This is a wonderful Good Friday reflection. Thank you. I am 22, and grew up secular also. It’s funny what you get by “cultural osmosis”. You get the joy of Christ in the manger and the beauty of “O Holy Night” (plus presents!!), and then the joy of…the easter egg hunt (which is just something your grandma takes you to do one weekend in spring, no biggie). In that context, good Friday doesn’t make any sense. Our culture is all about feasting, because it sees the everyday suffering as useless, inefficient. Dwelling on it seems sick. I don’t think this day was ever mentioned to me growing up, just another “weird holiday” on the calendar. I was baptized last year at Easter vigil, and this year has been one of the most difficult of my life. But also one of the most beautiful. I have been filled with hope, joy, and healing from God in a way that has changed me and challenged me. I have been ridiculed, felt so alone. But He has always been there for me in a way words don’t explain. This Easter will be full of true, lasting joy. Thank you, Jesus.

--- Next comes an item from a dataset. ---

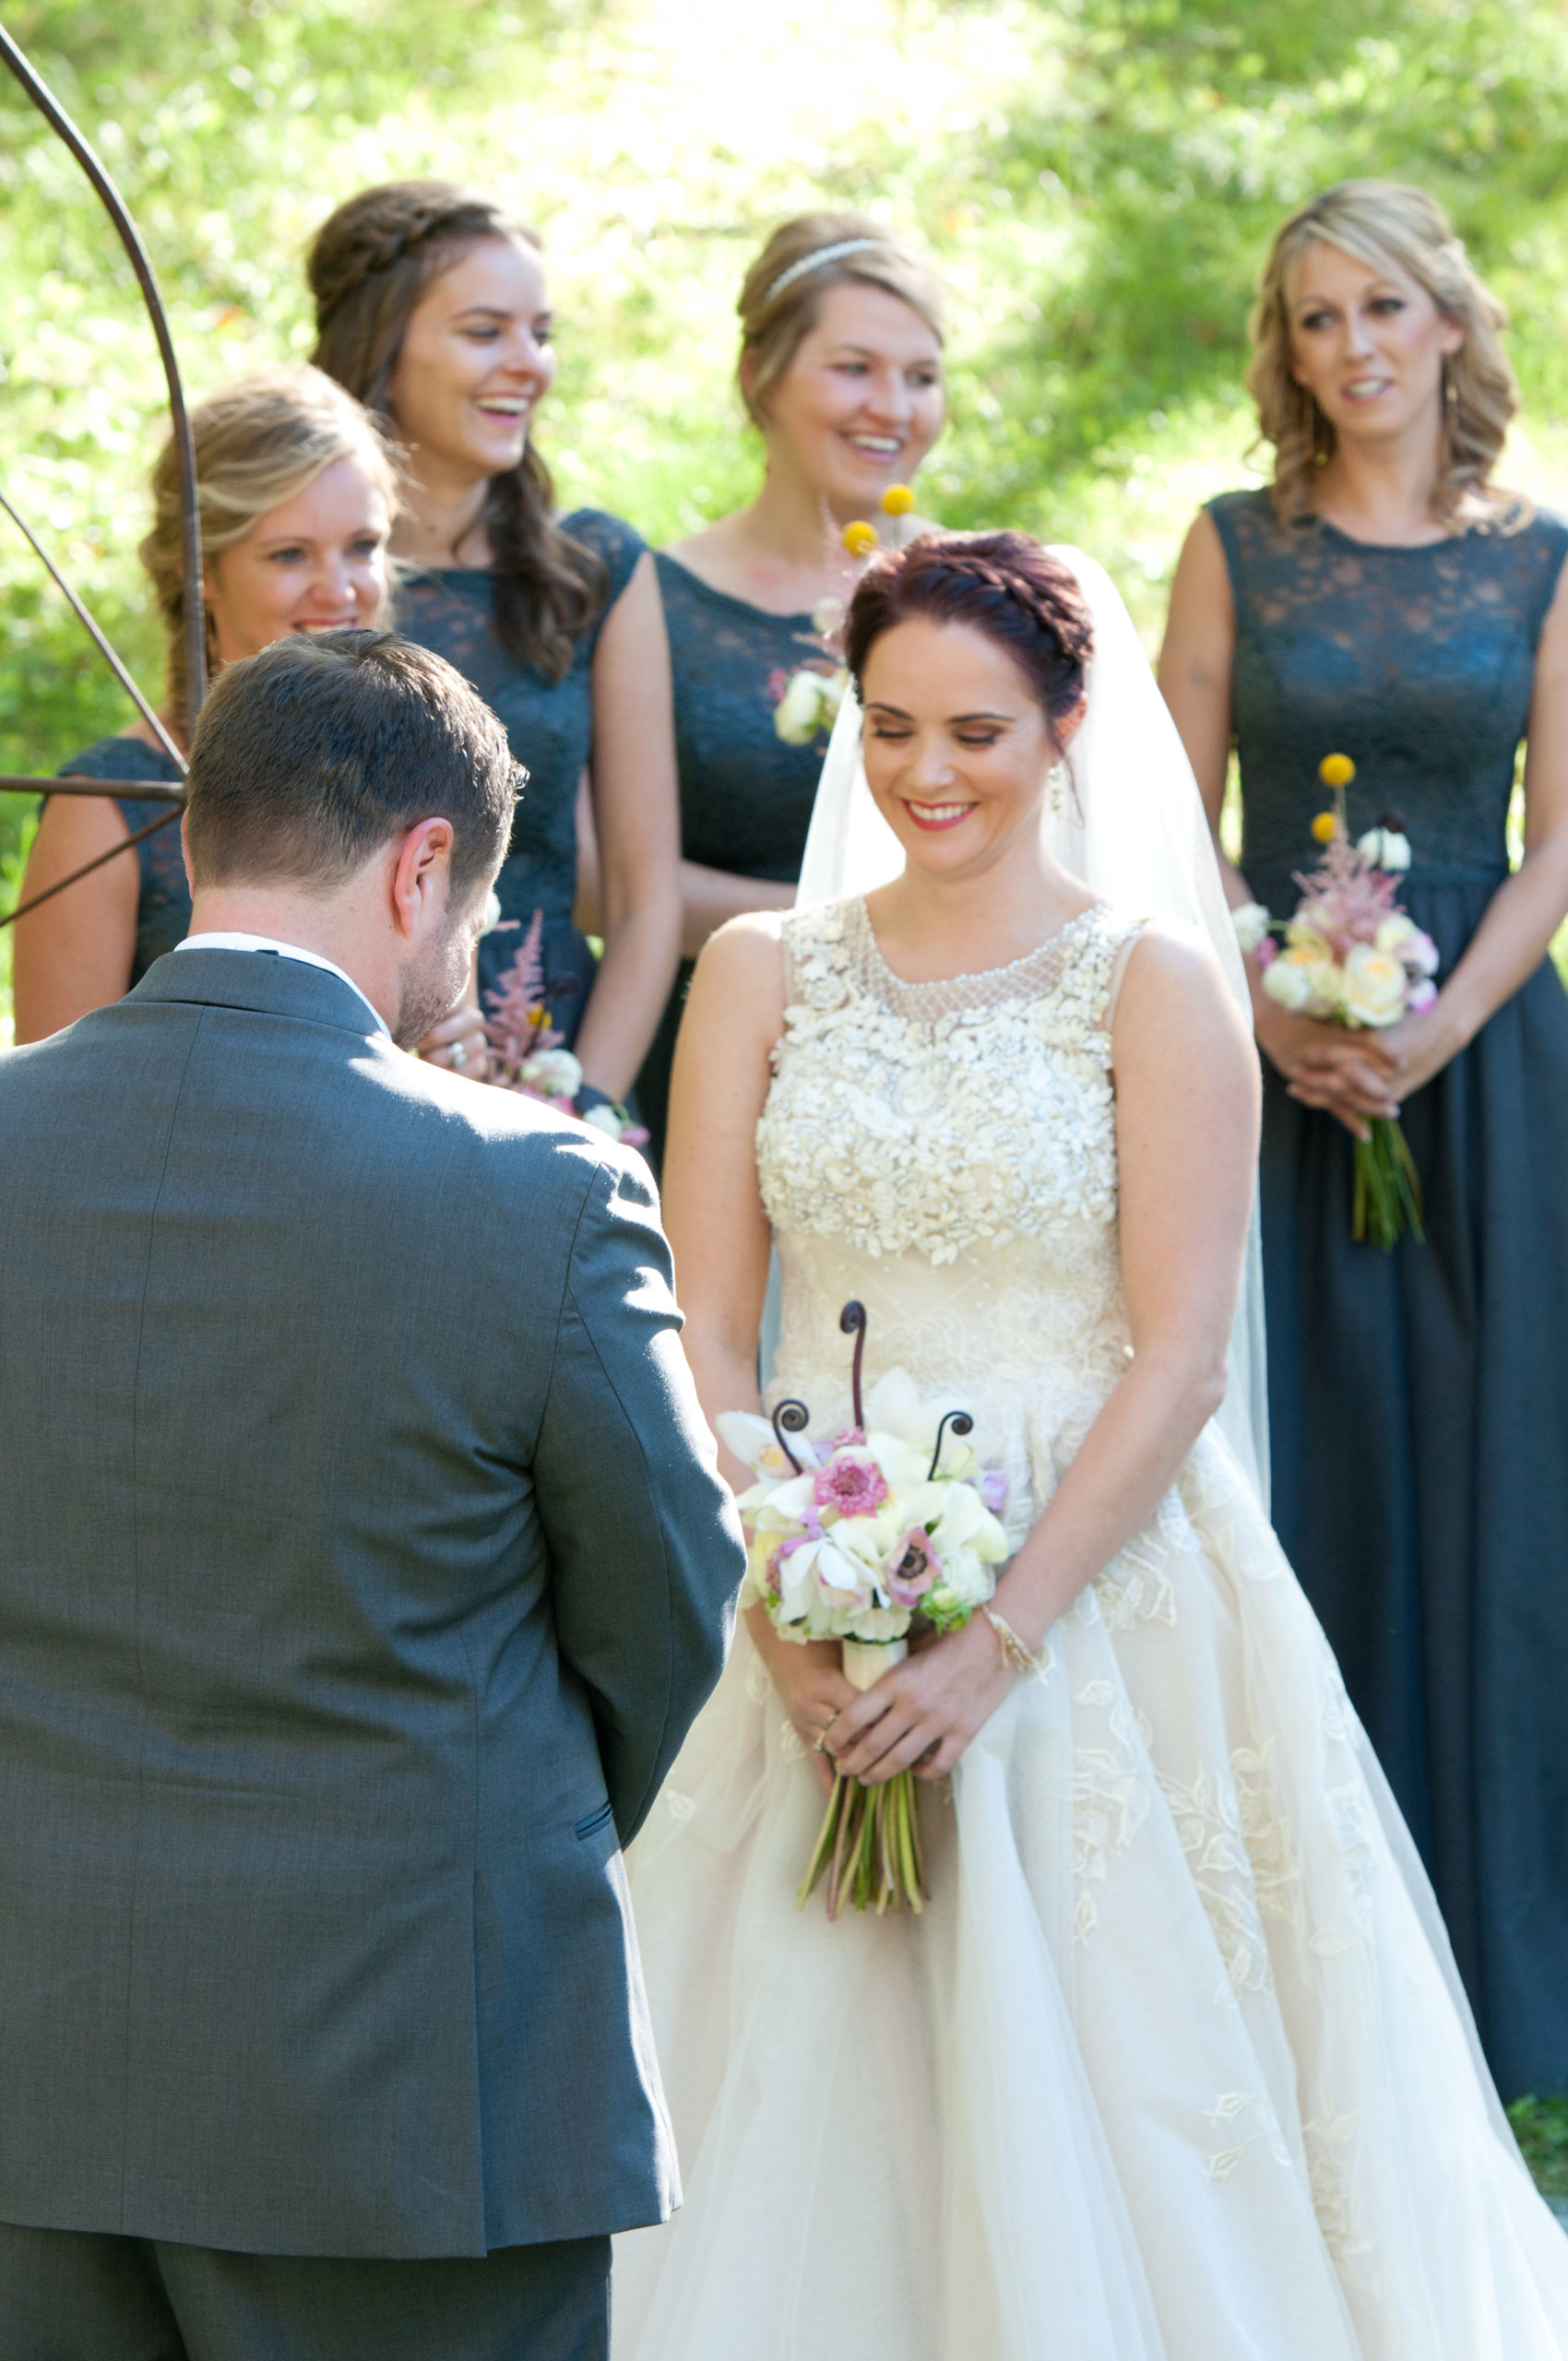 Bride smiling at groom during ceremony in Minnesota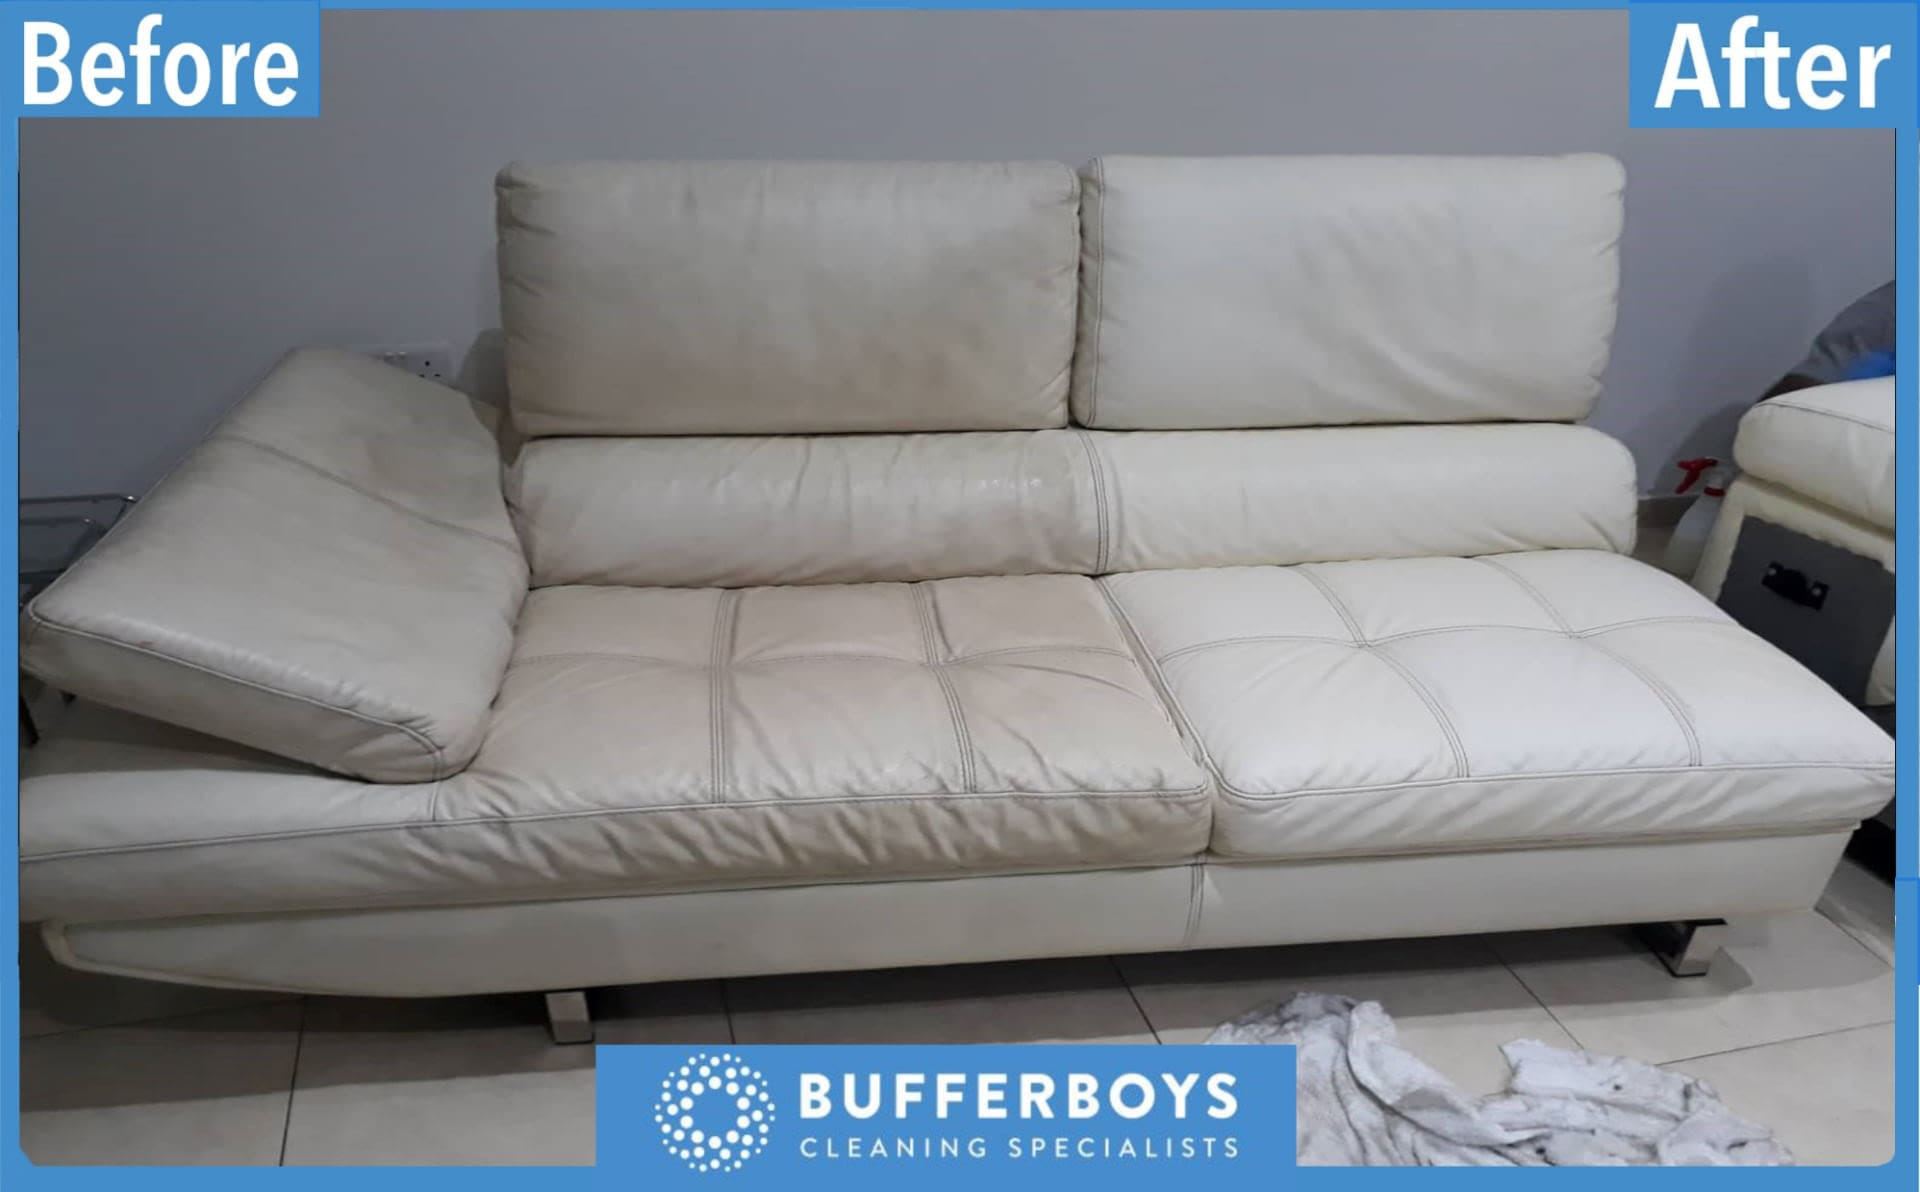 BUFFERBOYS - Carpet & Upholstery Cleaners

Very true and very well said! We expect a decrease in our suffering when we believe in God. But when things turn sour we question what we believe in by lashing out in anger, a way to express our fear and disappointment. I’ve been wrestling with the issue of physical suffering since 2007 after two surgical operations to save me from colon cancer which leaves me with no !@#$%. I came close to shout my unbelief. But each time I cursed the devil knowing that suffering does not come from God as He suffered Himself. An experience I would never have understood if I did not go through it. The perspective of non-stop suffering is scary and devastating. But there is hope in the various forms of healing that can take place, all reflecting God’s love for us.

@peggy, beautiful!

@jen, love all you write :)

@fritz, God bless you.

All I ever goth from the New Testament was that God was demonstrating that people could be forgiven for torturing and murdering some one who was not only innocent, but also a savior of humanity, and be forgiven for it. Further, they could take his words and use them for their own political agenda, degrade and silence women, and con their subjects into giving away their own wealth for their own good in the “next life”.
  Rick Santorum wants to deny health care to the poor because it would be to our spiritual benefit. Mother Theresa withheld modern pain medicine from her hospice patients, yet was damn sure to get medicine for herself before she died. The current pope will be forgiven for telling lies about condoms and spreading AIDS and other diseases in the third world—not that he thinks he is doing anything wrong. Get your minds of an idealized fiction of 2000+ years ago and look around you now.

Adrienne, you had something there until your second sentence.

Explain, please.

Great article Jen! As crazy as it seems, suffering can be seen as a gift in a way, because it brings us closer to Christ, who suffered the ultimate suffering. Thanks for writing and happy Easter!

Christians believe suffering brings them closer to the divine. That is why it is easy for them to inflict suffering on others. They know they will be forgiven for unforgivable things. It is a sick thing to want to suffer and even sicker to justify the pain of others as part of God’s plan. Even if the New Testament was believable, why would anyone want to submit to such a tyrant?

Adrienne, I know you don’t think you need it, but I’m praying for you and people like you.  God bless you.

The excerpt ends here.